— DATA SEGMENT —
======

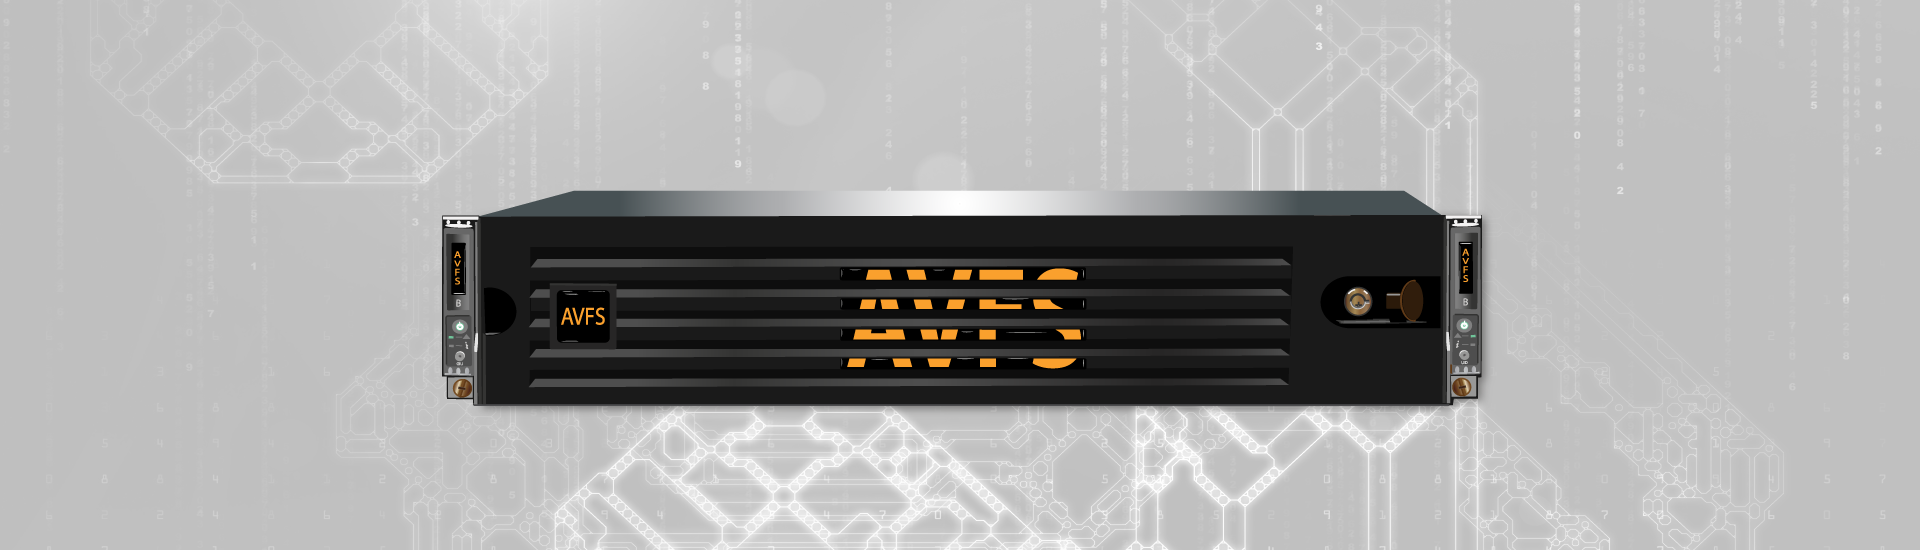 AVFS storage
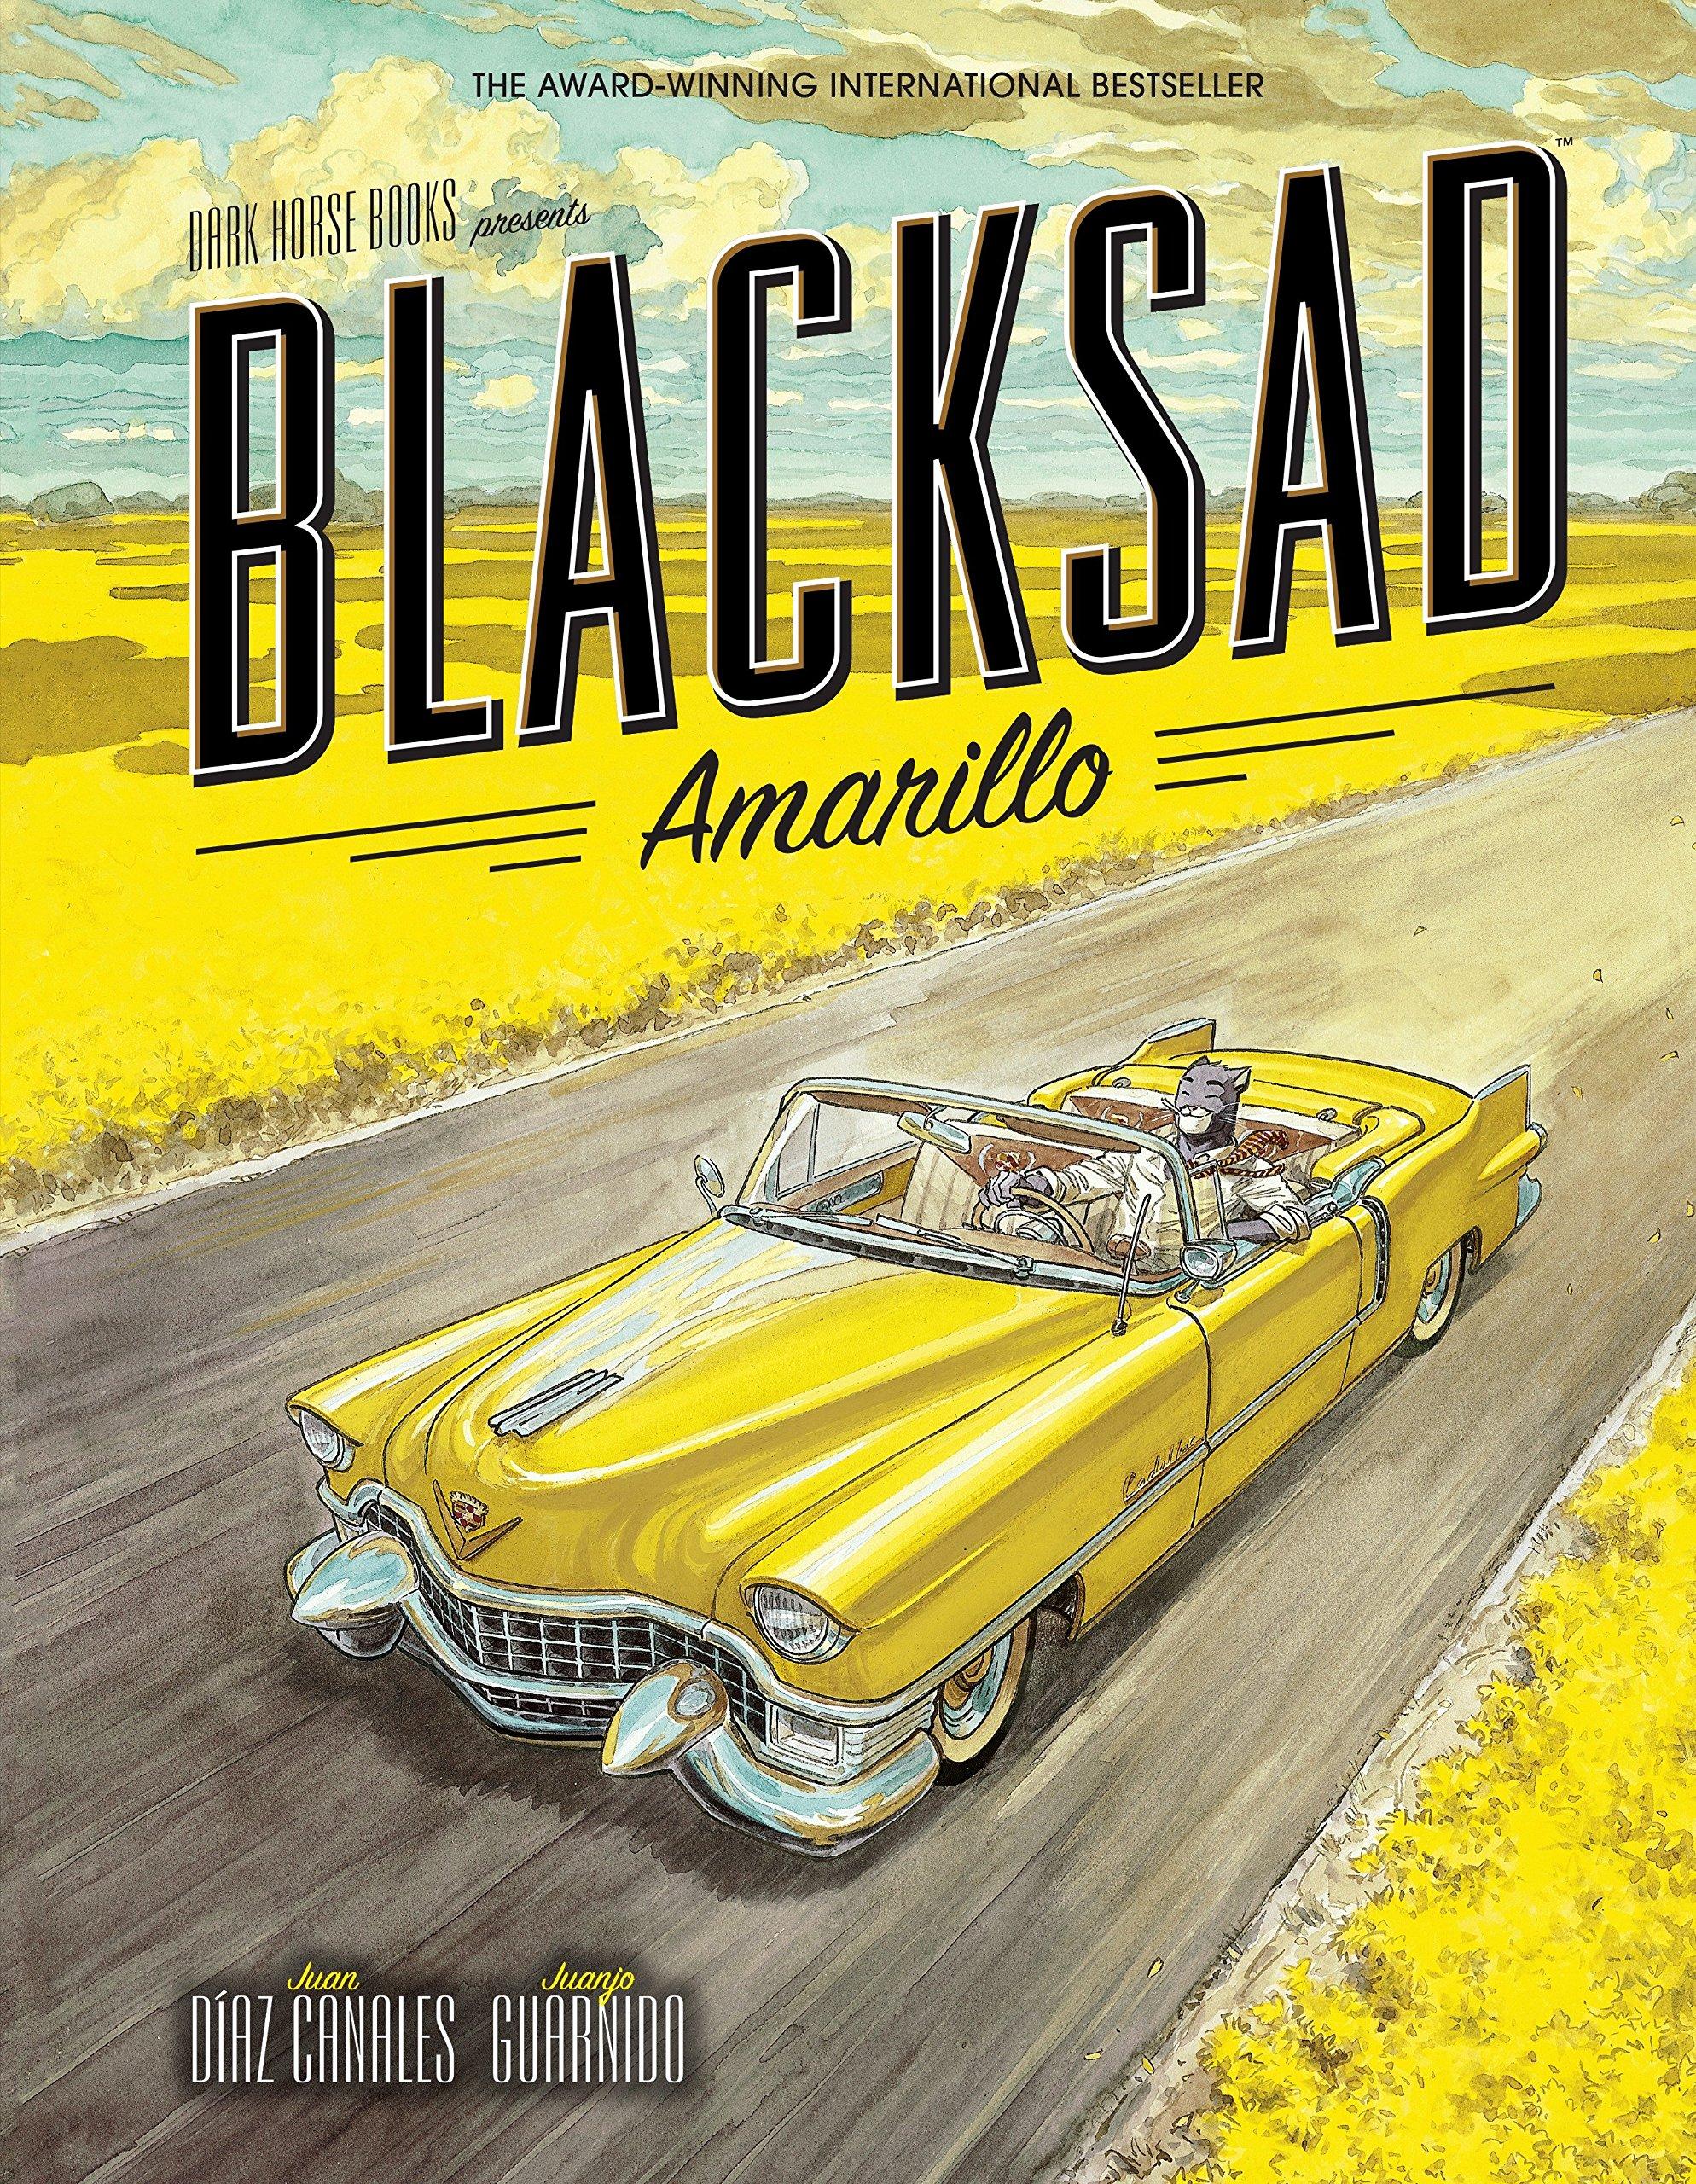 Blacksad: Amarillo: Amazon.es: Juan Diaz Canales: Libros en idiomas extranjeros
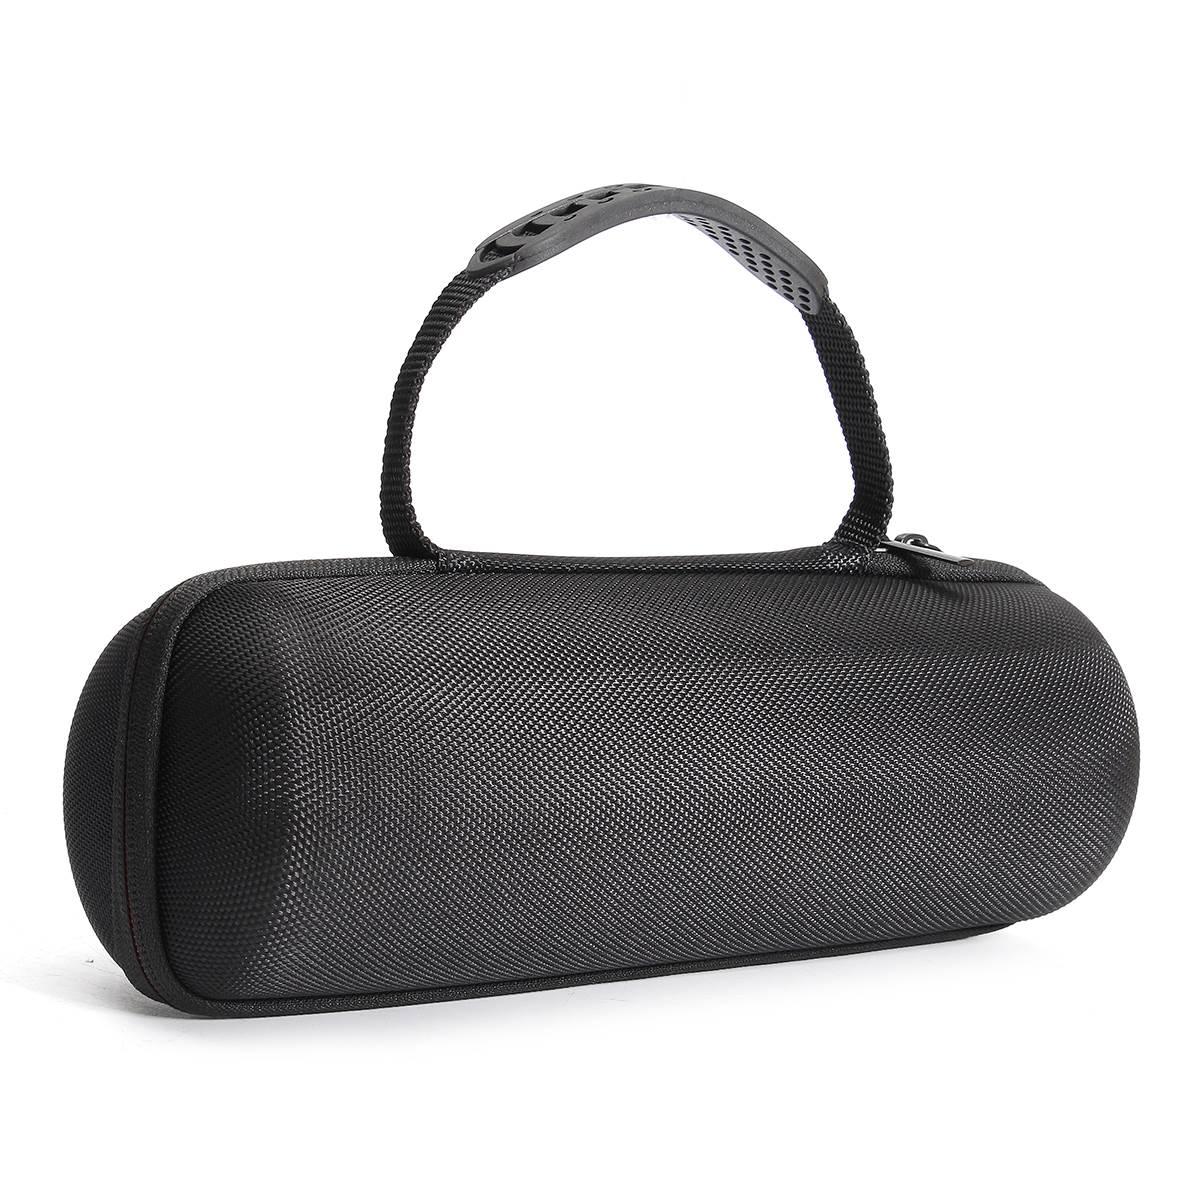 Beste Portable Hard Tragetasche Box Schutzhülle Fall Für JBL Ladung 3 Bluetooth Lautsprecher Pouch

======

— WHAT IS EXPECTED —
Pictures stay out of the answer; the rest of the listing above is returned exactly.

— SOLUTION TO THE EXERCISE —
 AVFS storage
 Blacksad: Amarillo: Amazon.es: Juan Diaz Canales: Libros en idiomas extranjeros
 Beste Portable Hard Tragetasche Box Schutzhülle Fall Für JBL Ladung 3 Bluetooth Lautsprecher Pouch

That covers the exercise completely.